**INFORMATION SHOWN**.
----

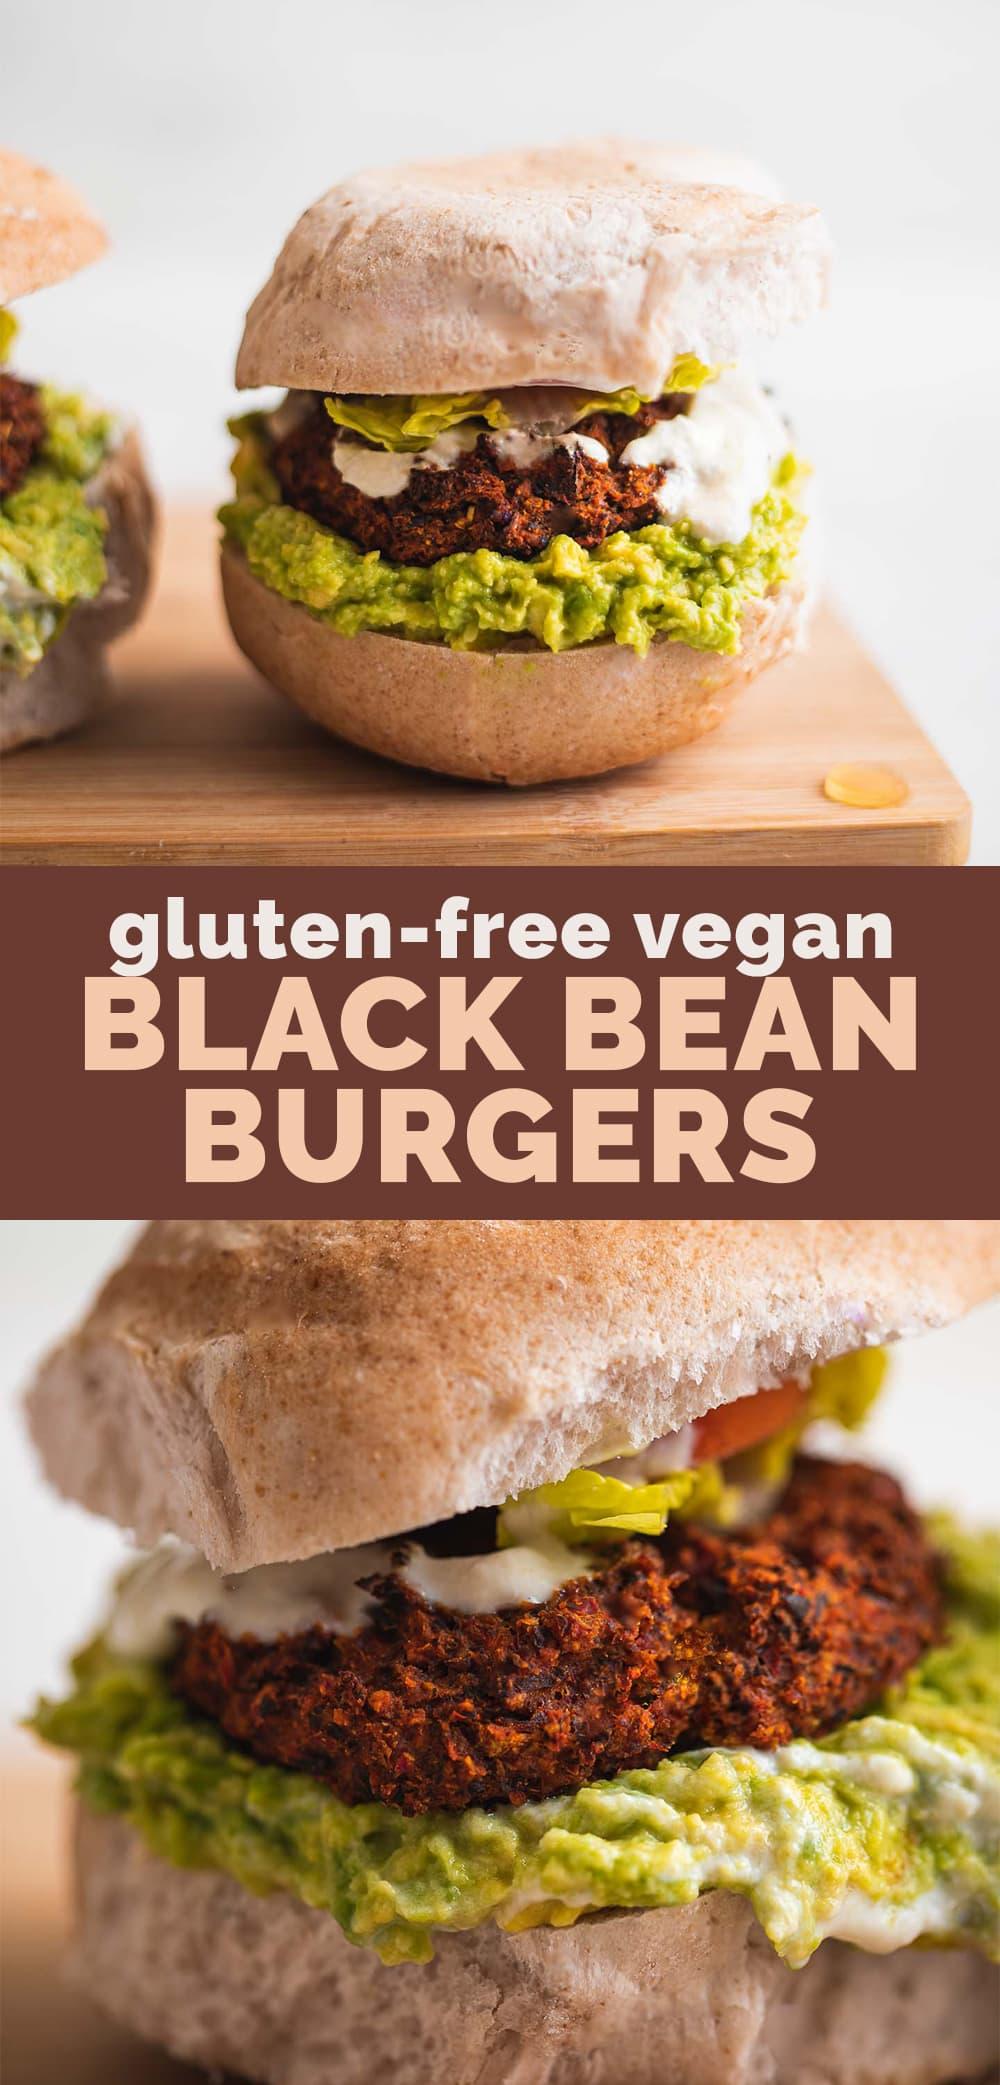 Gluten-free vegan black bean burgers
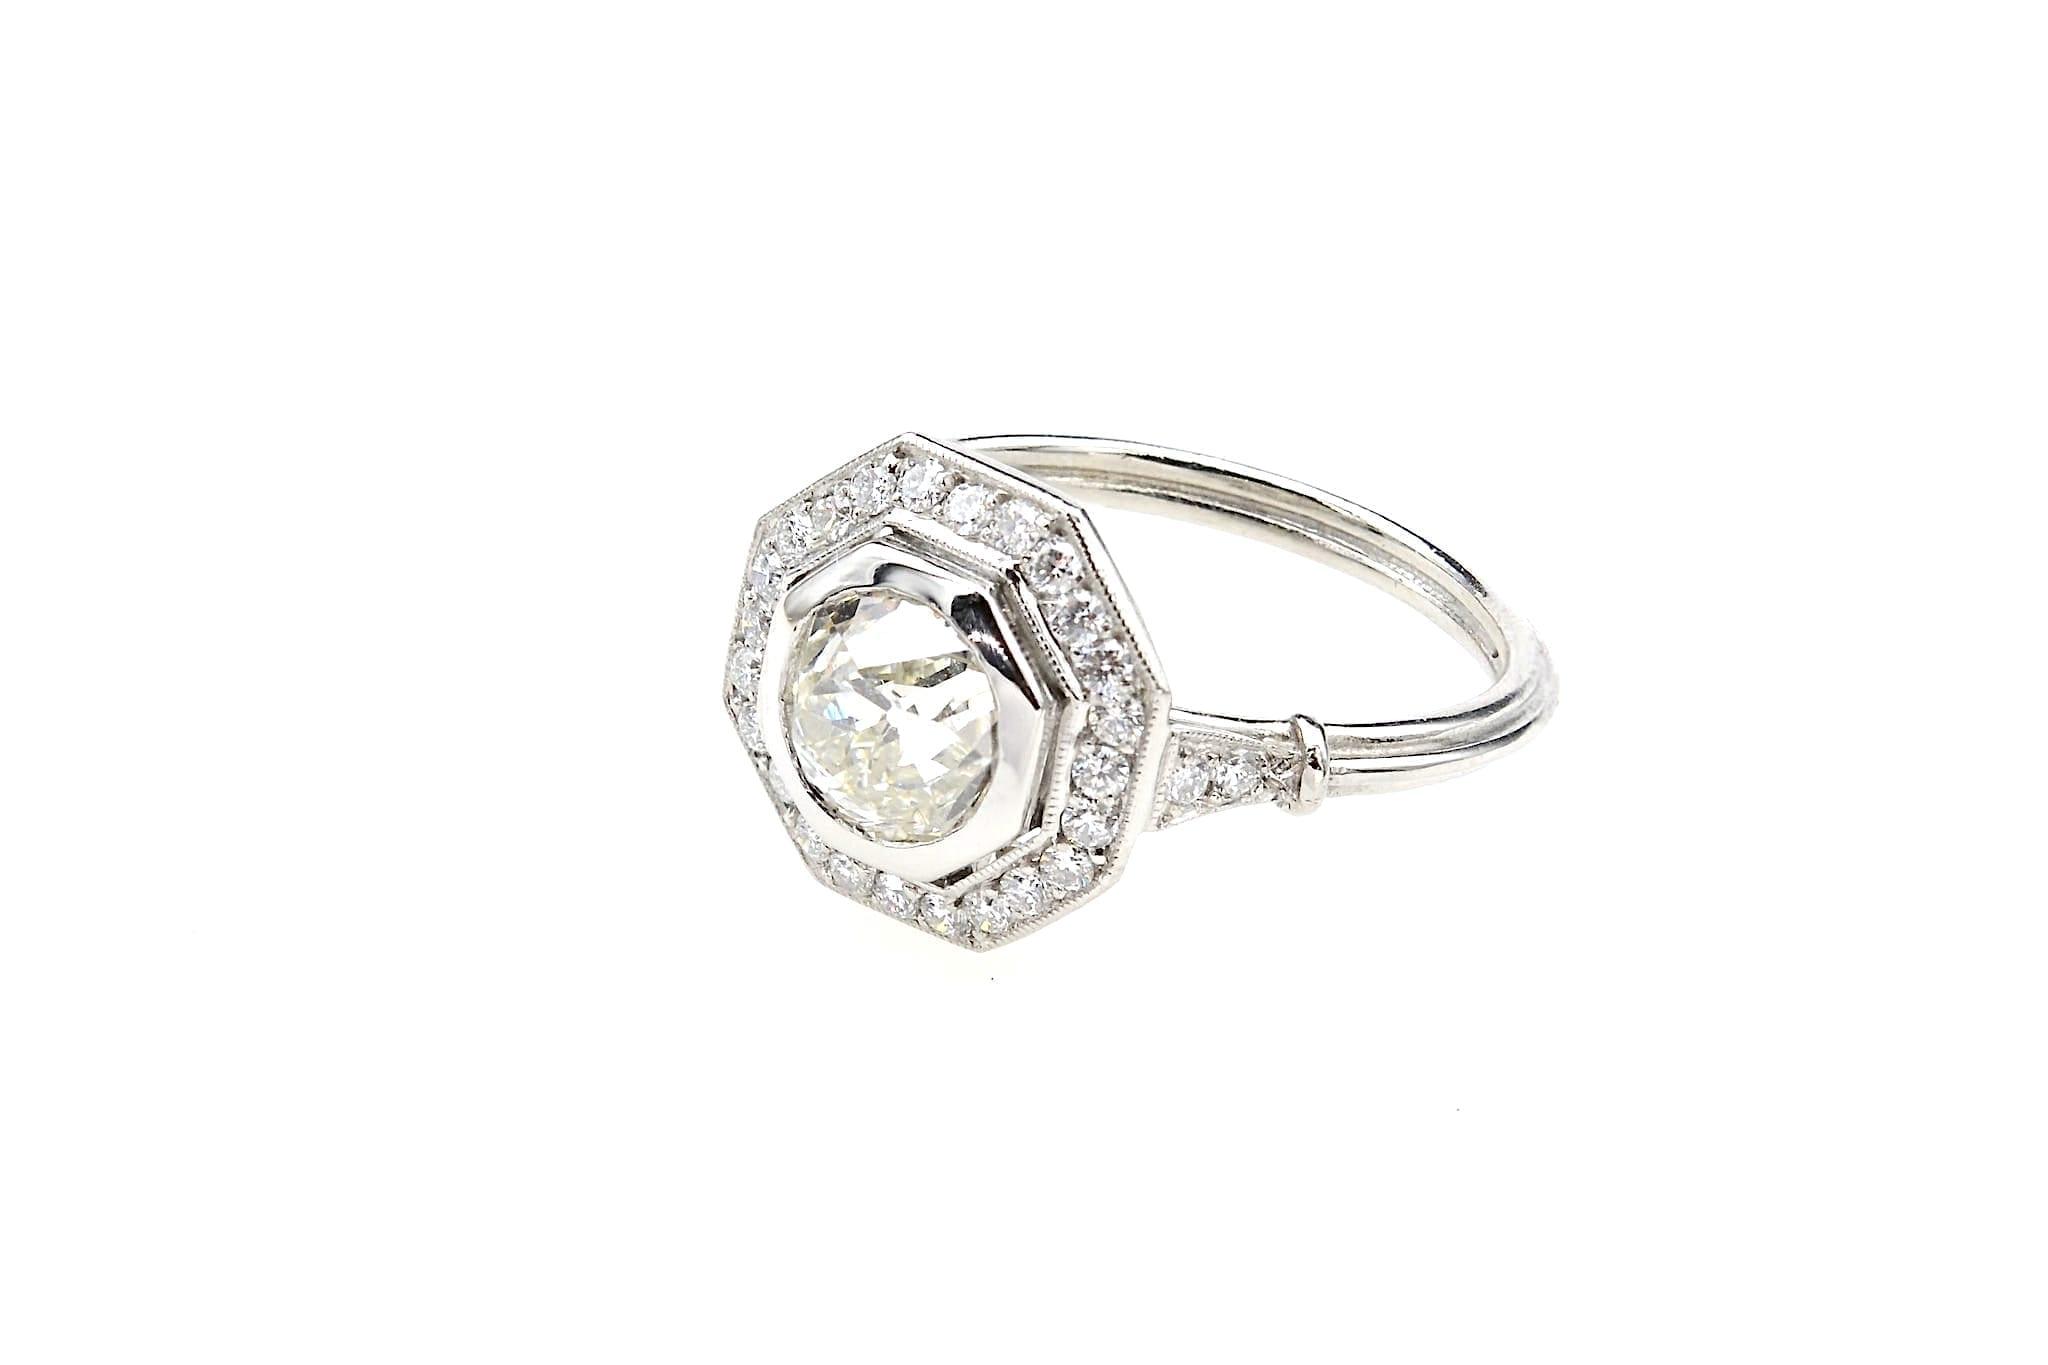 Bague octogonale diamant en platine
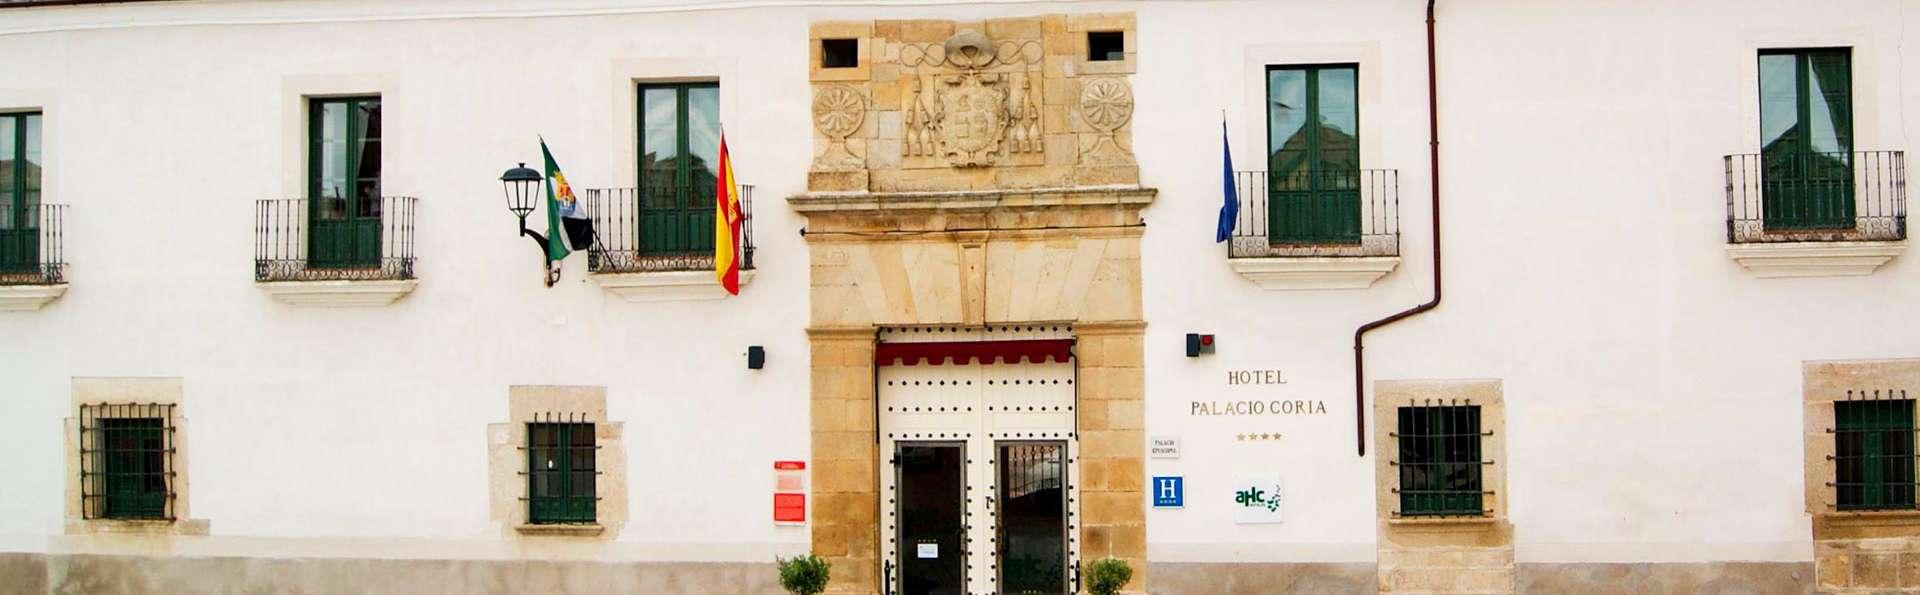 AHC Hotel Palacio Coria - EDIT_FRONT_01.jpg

----

**EXERCISE REQUIREMENTS**.
Lines from the one with "Bague octogonale diamant en platine" through the final line of the listing above: copy them exactly, both ends included, and omit every picture.

**WRITTEN ANSWER**.
 Bague octogonale diamant en platine
 AHC Hotel Palacio Coria - EDIT_FRONT_01.jpg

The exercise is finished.